# Exercise objective
For this task, output exactly the lines of the material below starting at the line with "Heather Grey Plain" and ending at the line with "M1897 trench gun - M1897 trench gun."; pictures are to be excluded.

[Start of Attachment]

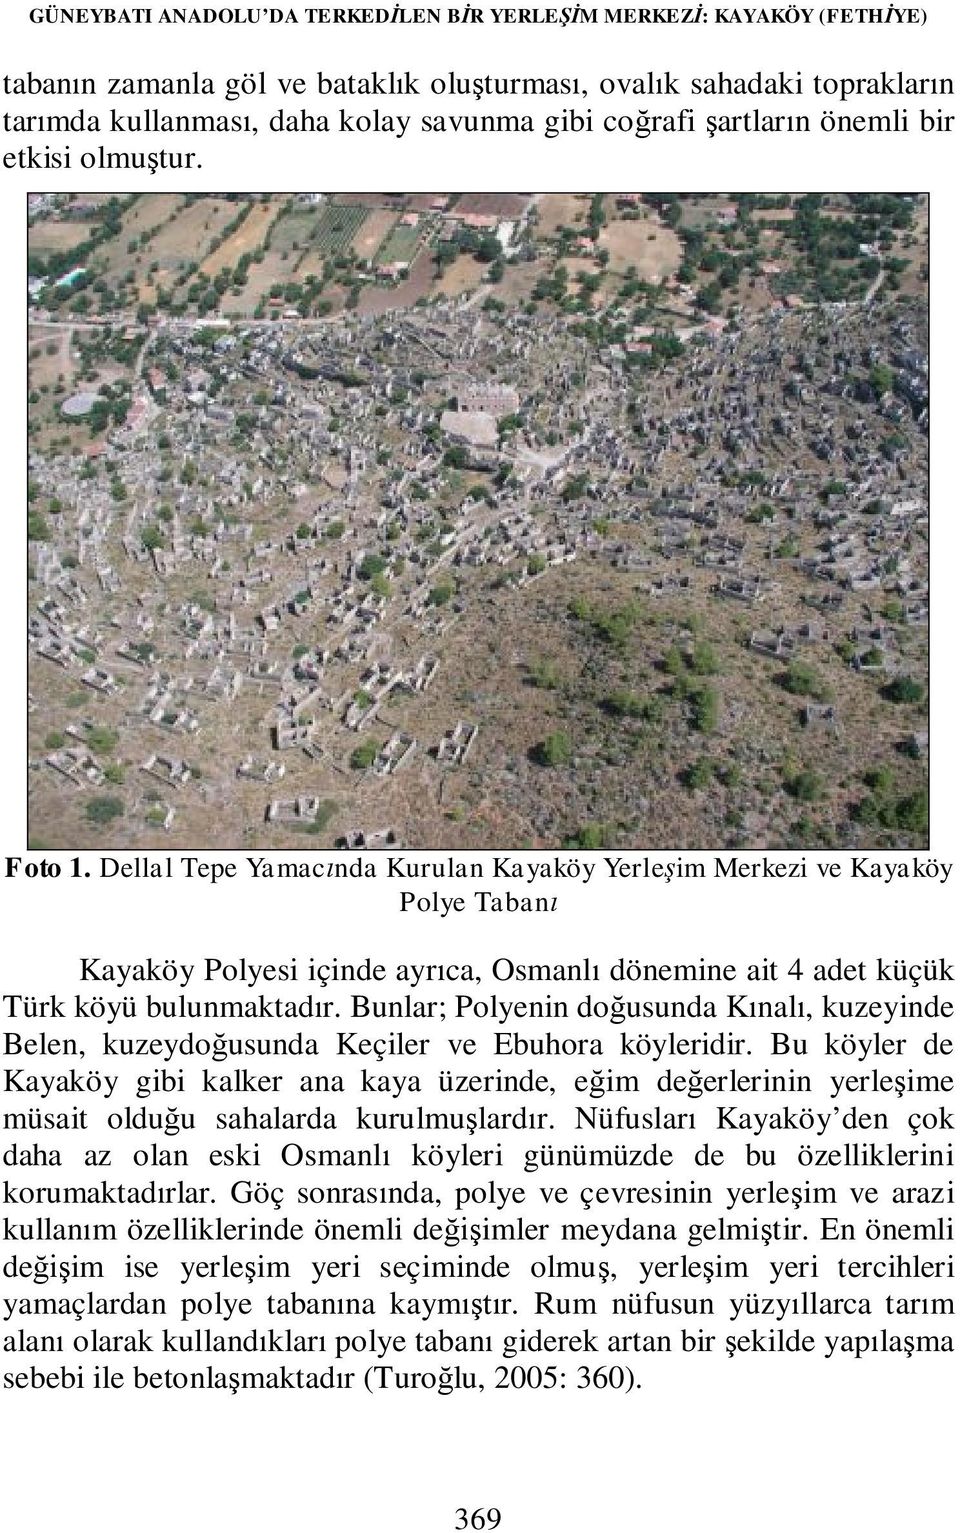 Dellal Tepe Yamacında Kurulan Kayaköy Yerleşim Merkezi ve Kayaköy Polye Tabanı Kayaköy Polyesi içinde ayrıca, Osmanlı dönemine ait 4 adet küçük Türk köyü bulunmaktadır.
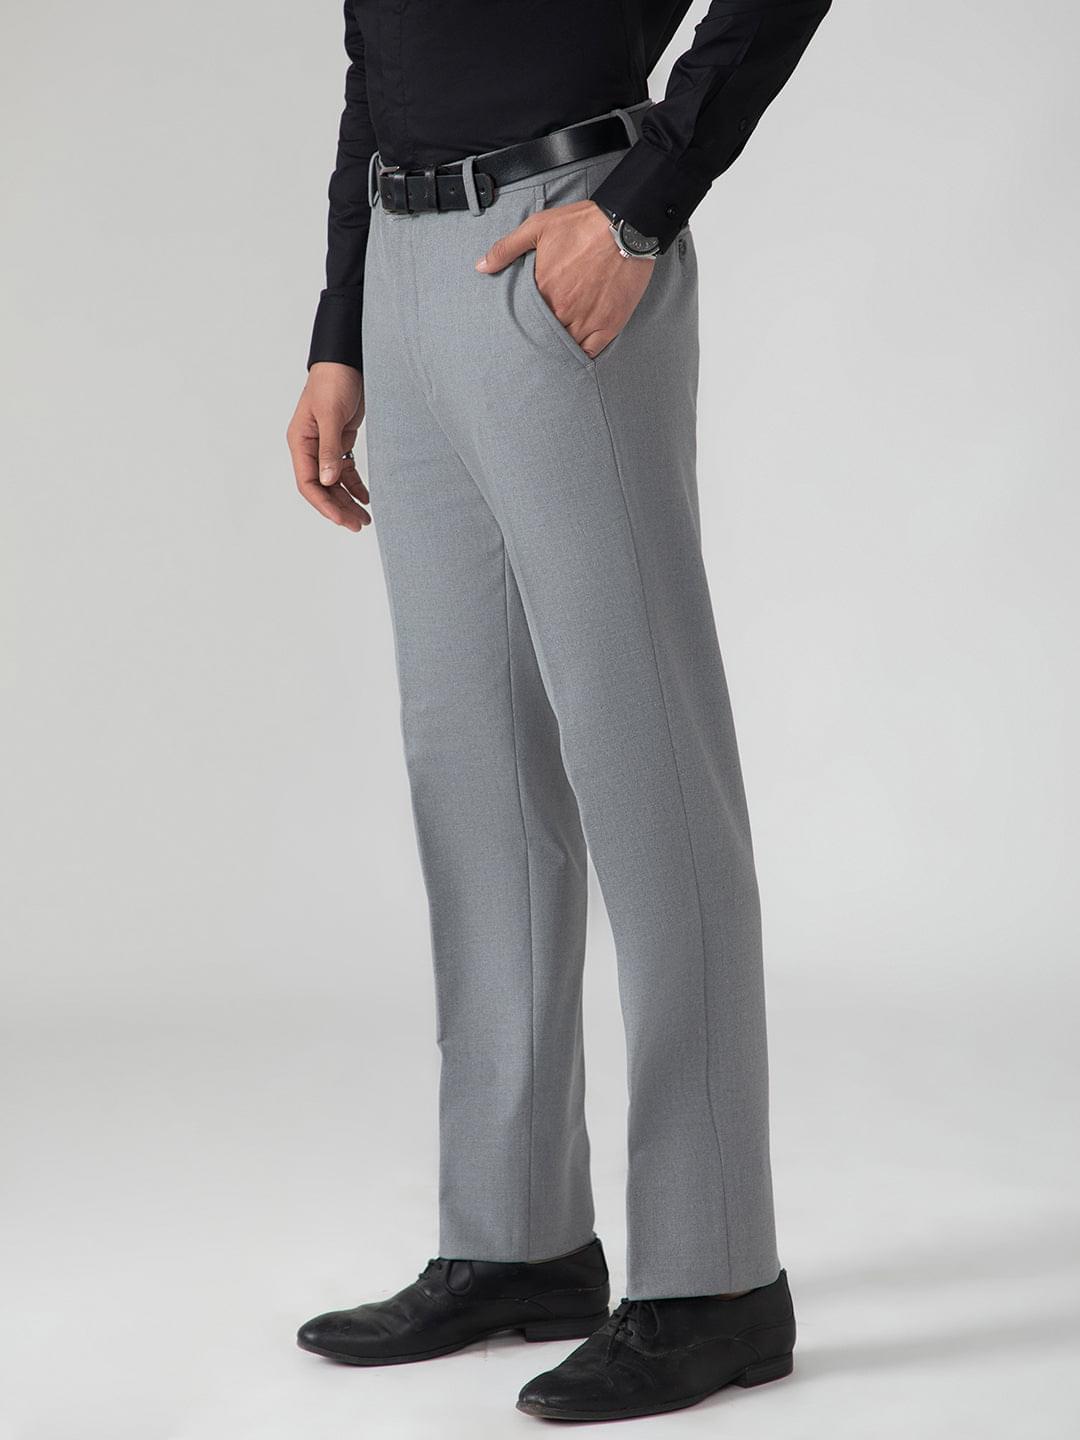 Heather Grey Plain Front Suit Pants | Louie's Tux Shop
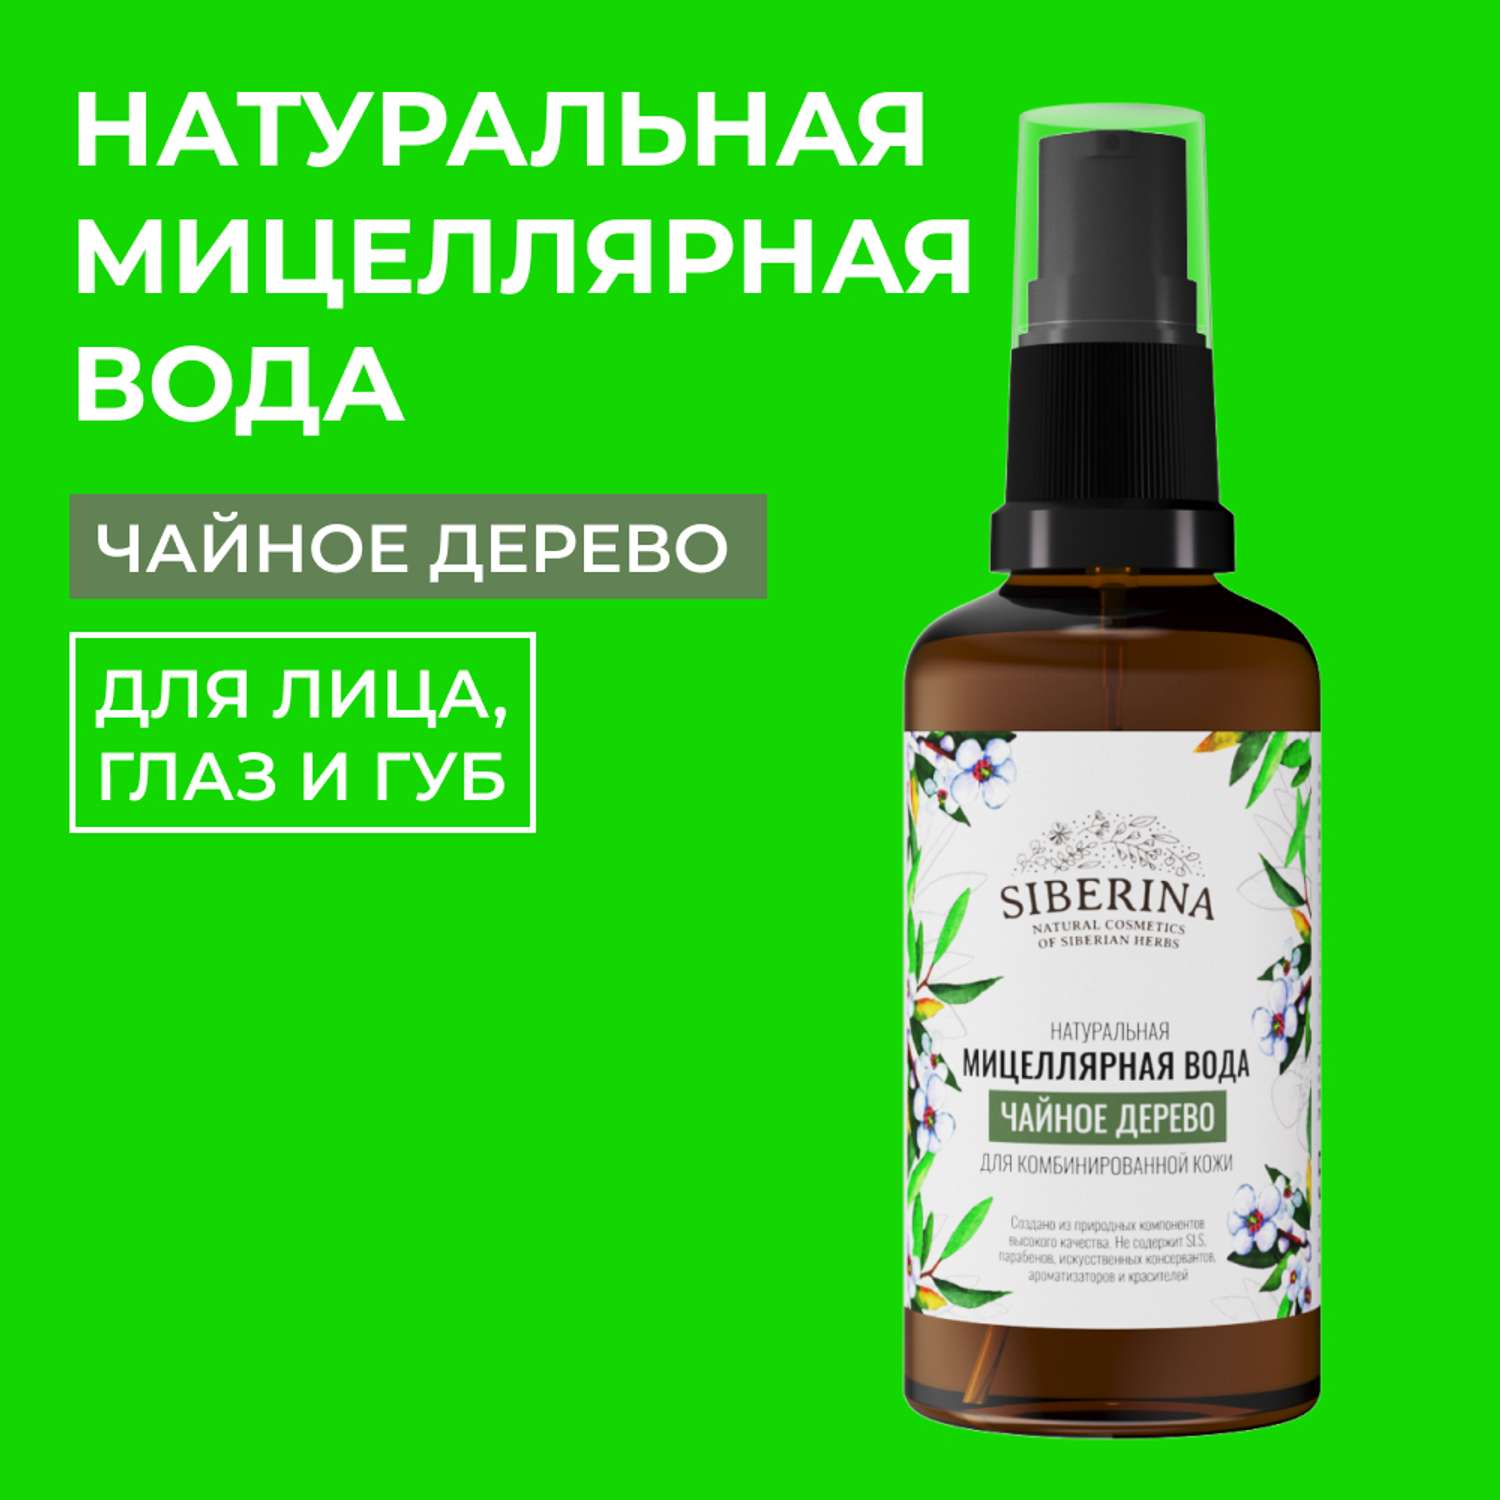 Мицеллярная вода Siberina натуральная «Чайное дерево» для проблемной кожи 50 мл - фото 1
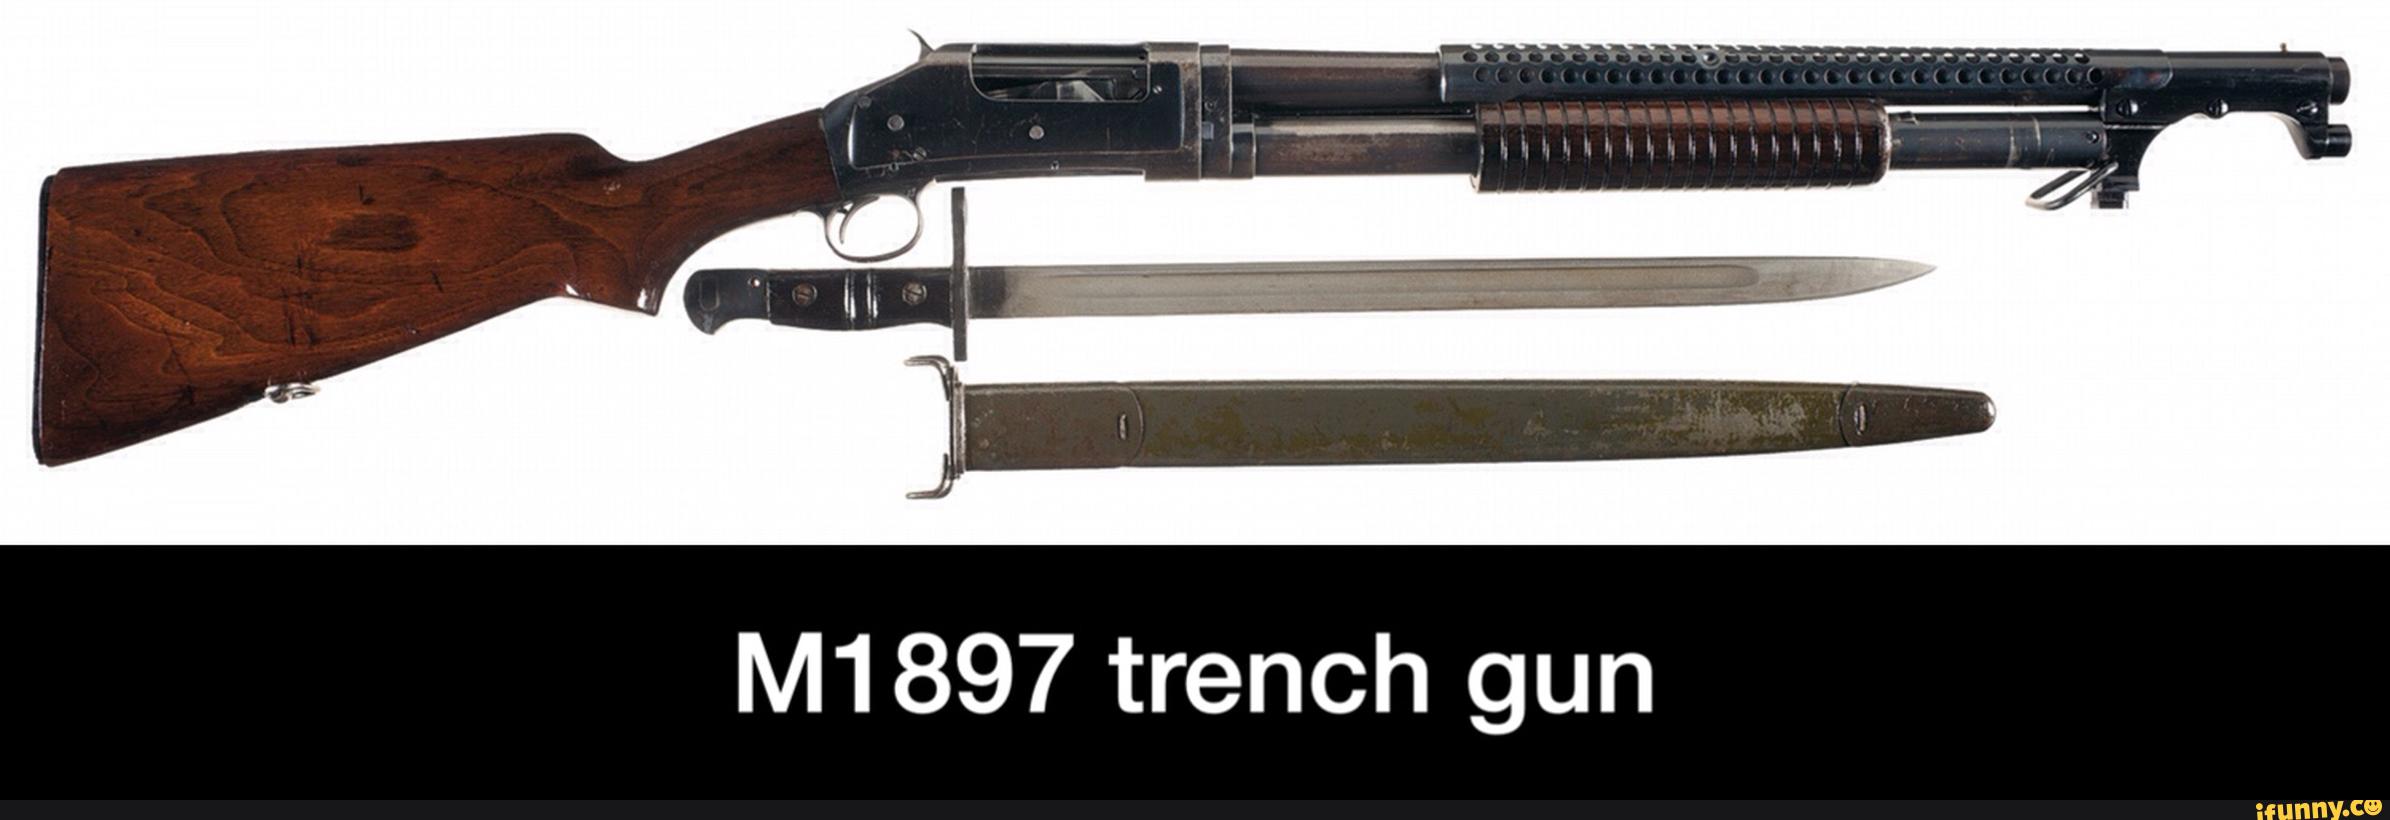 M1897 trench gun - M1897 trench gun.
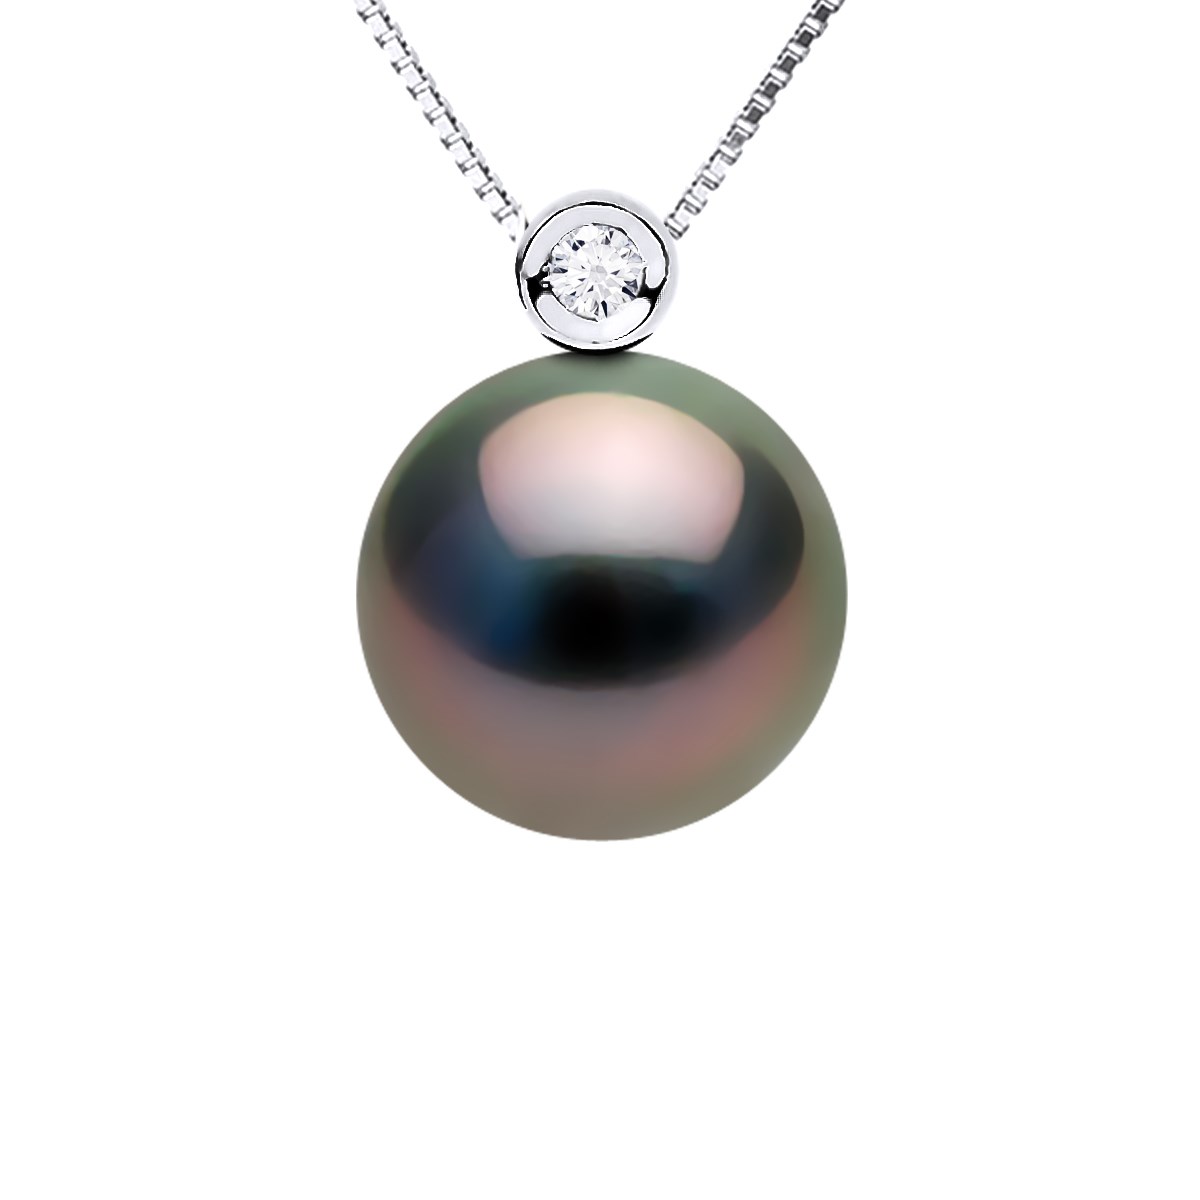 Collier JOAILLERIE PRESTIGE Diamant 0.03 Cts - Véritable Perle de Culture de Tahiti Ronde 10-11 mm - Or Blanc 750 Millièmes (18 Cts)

[End of Attachment]

# Result of the task
 Heather Grey Plain Front Suit Pants | Louie's Tux Shop
 Мицеллярная вода Siberina натуральная «Чайное дерево» для проблемной кожи 50 мл - фото 1
 M1897 trench gun - M1897 trench gun.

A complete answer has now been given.